Data extract:
*** Block opens ***

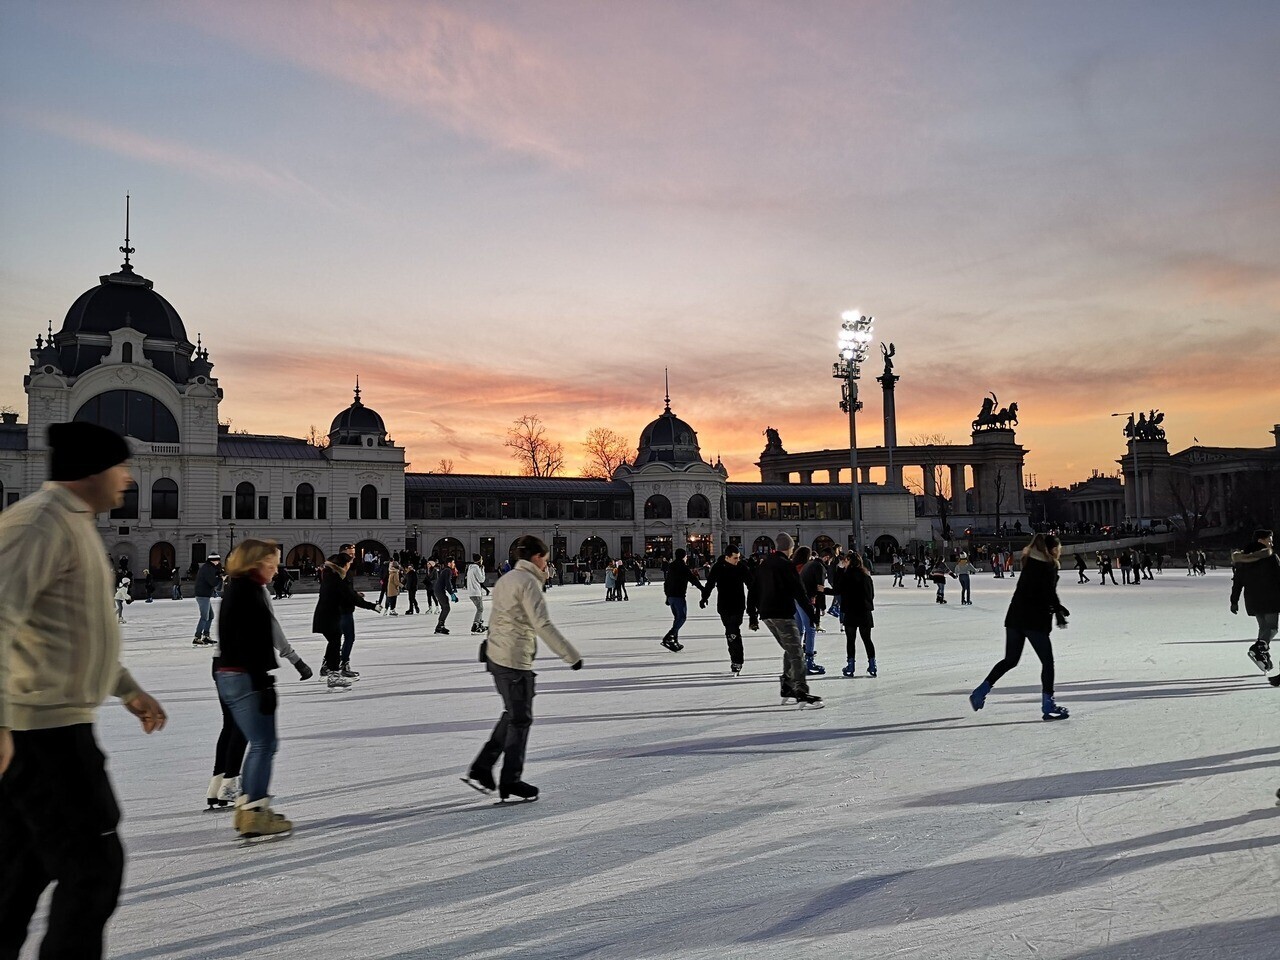 Budapest Park Ice Rink Ice-skating
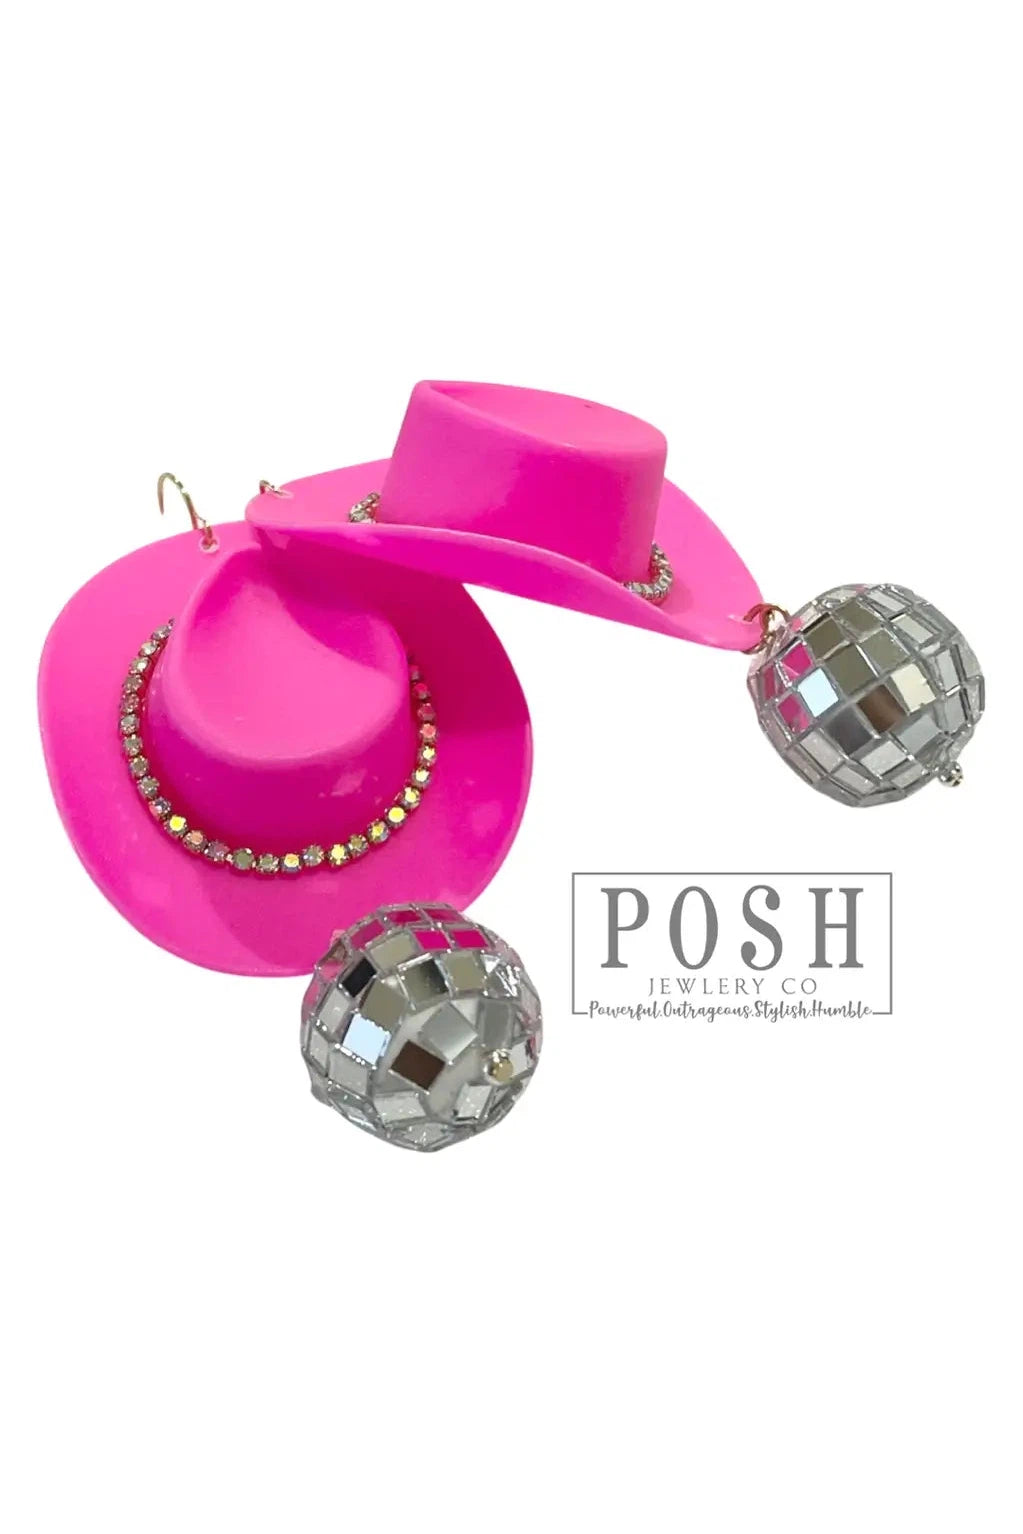 Posh Jewelry Co. Rhinestone Rimmed Cowboy Hat Disco Ball Earring
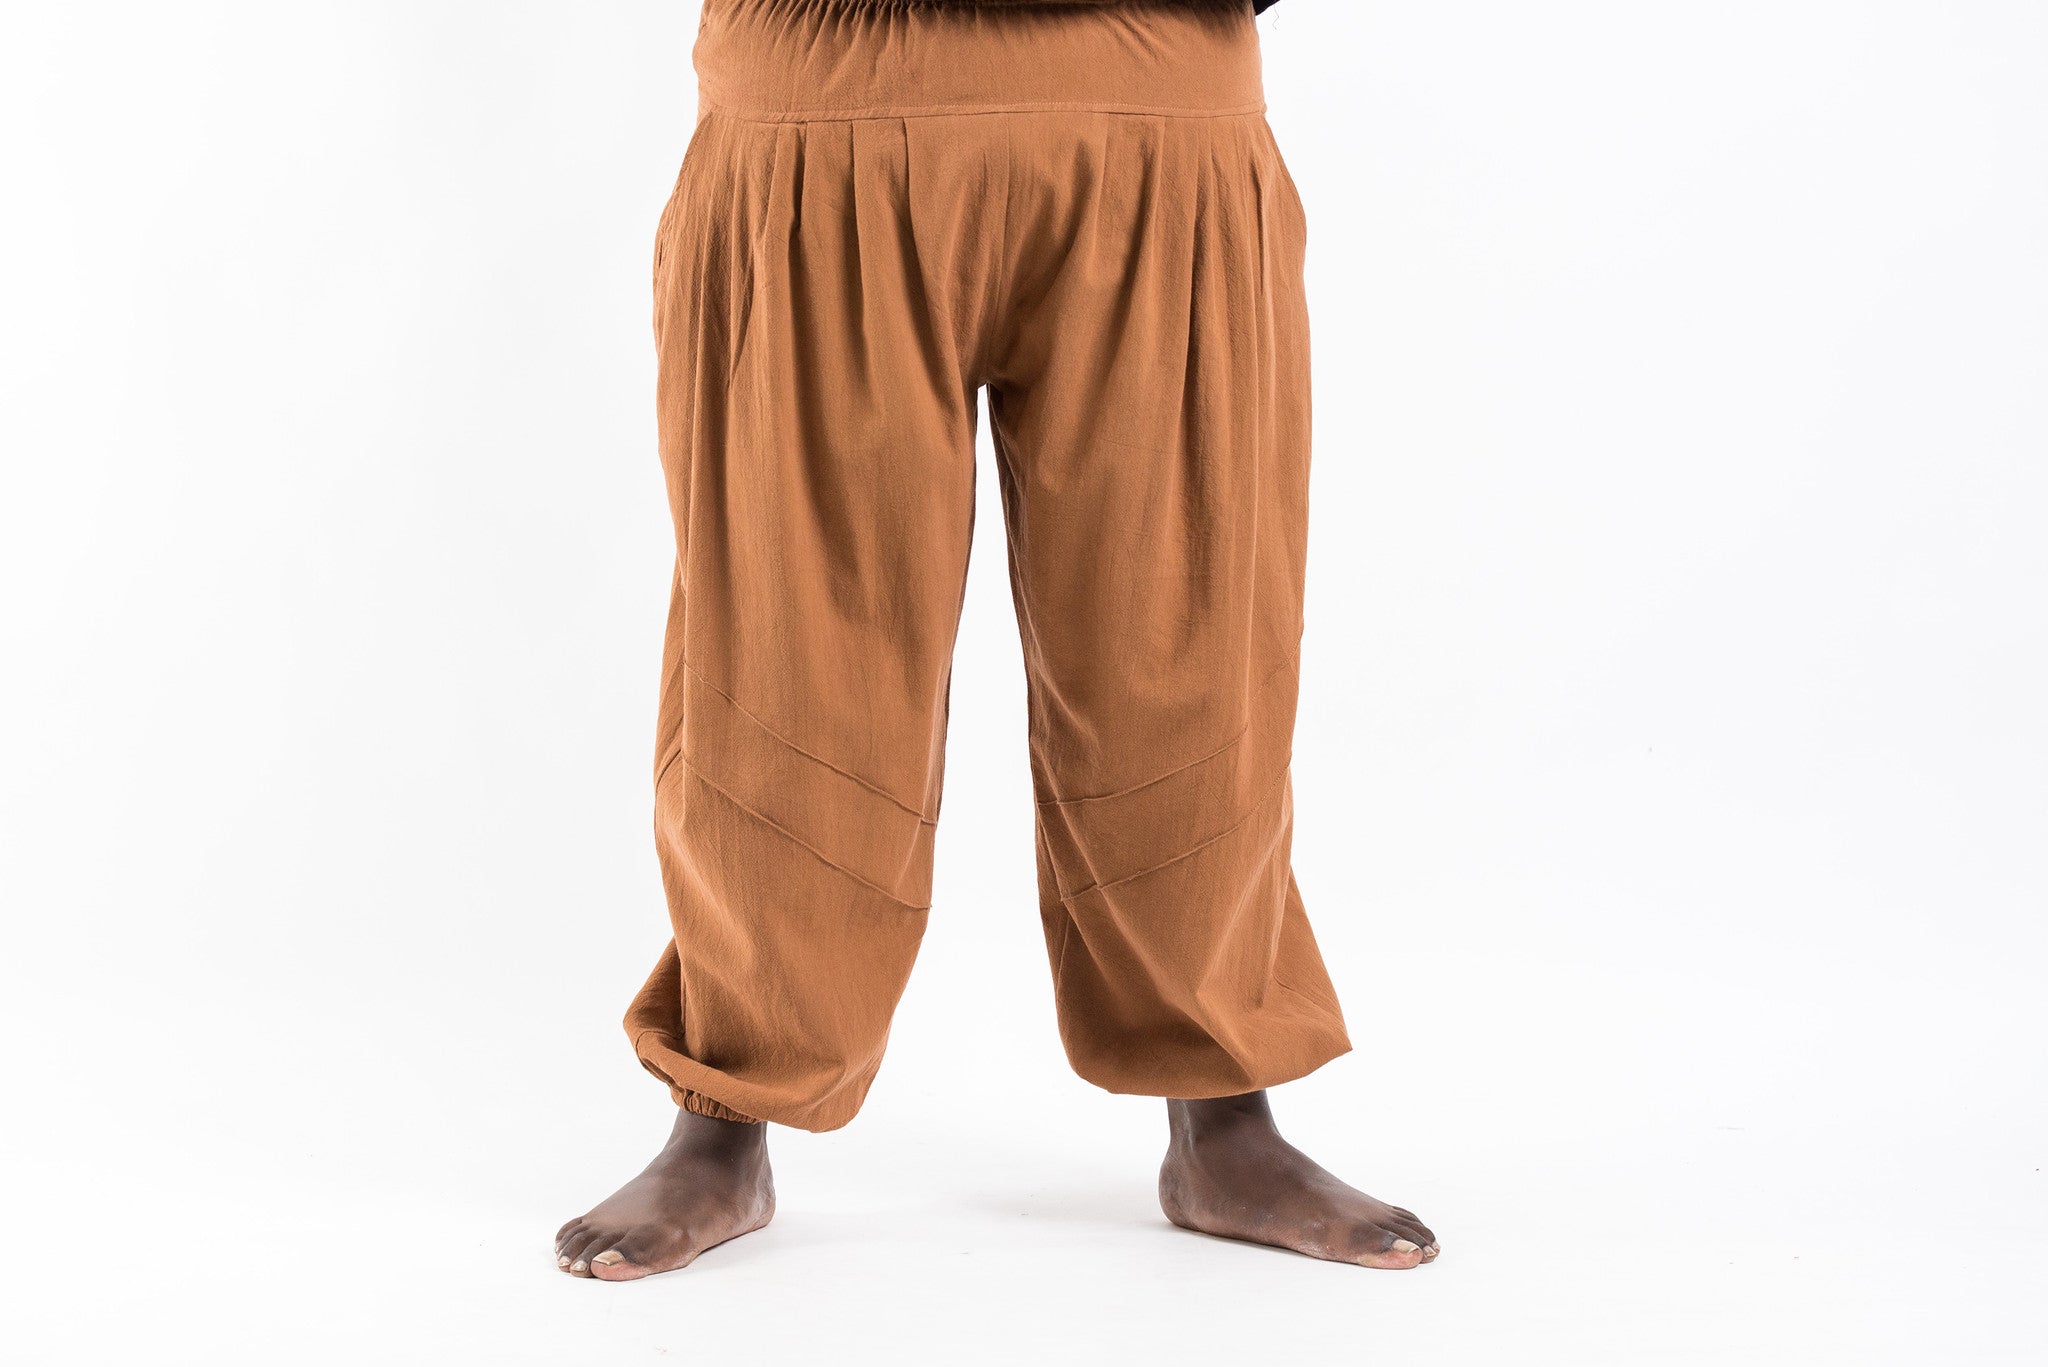 Buy Men's Harem Pant Pack of 2, Grey & Black, Fits Waist Size 28 to 36  Online on Brown Living

*** Block closes ***

Task statement: Across all the lines above, repeat the wording exactly and omit the pictures.

Exercise output:
 Budapest Park Ice Rink Ice-skating
 Posh Jewelry Co. Rhinestone Rimmed Cowboy Hat Disco Ball Earring
 Buy Men's Harem Pant Pack of 2, Grey & Black, Fits Waist Size 28 to 36  Online on Brown Living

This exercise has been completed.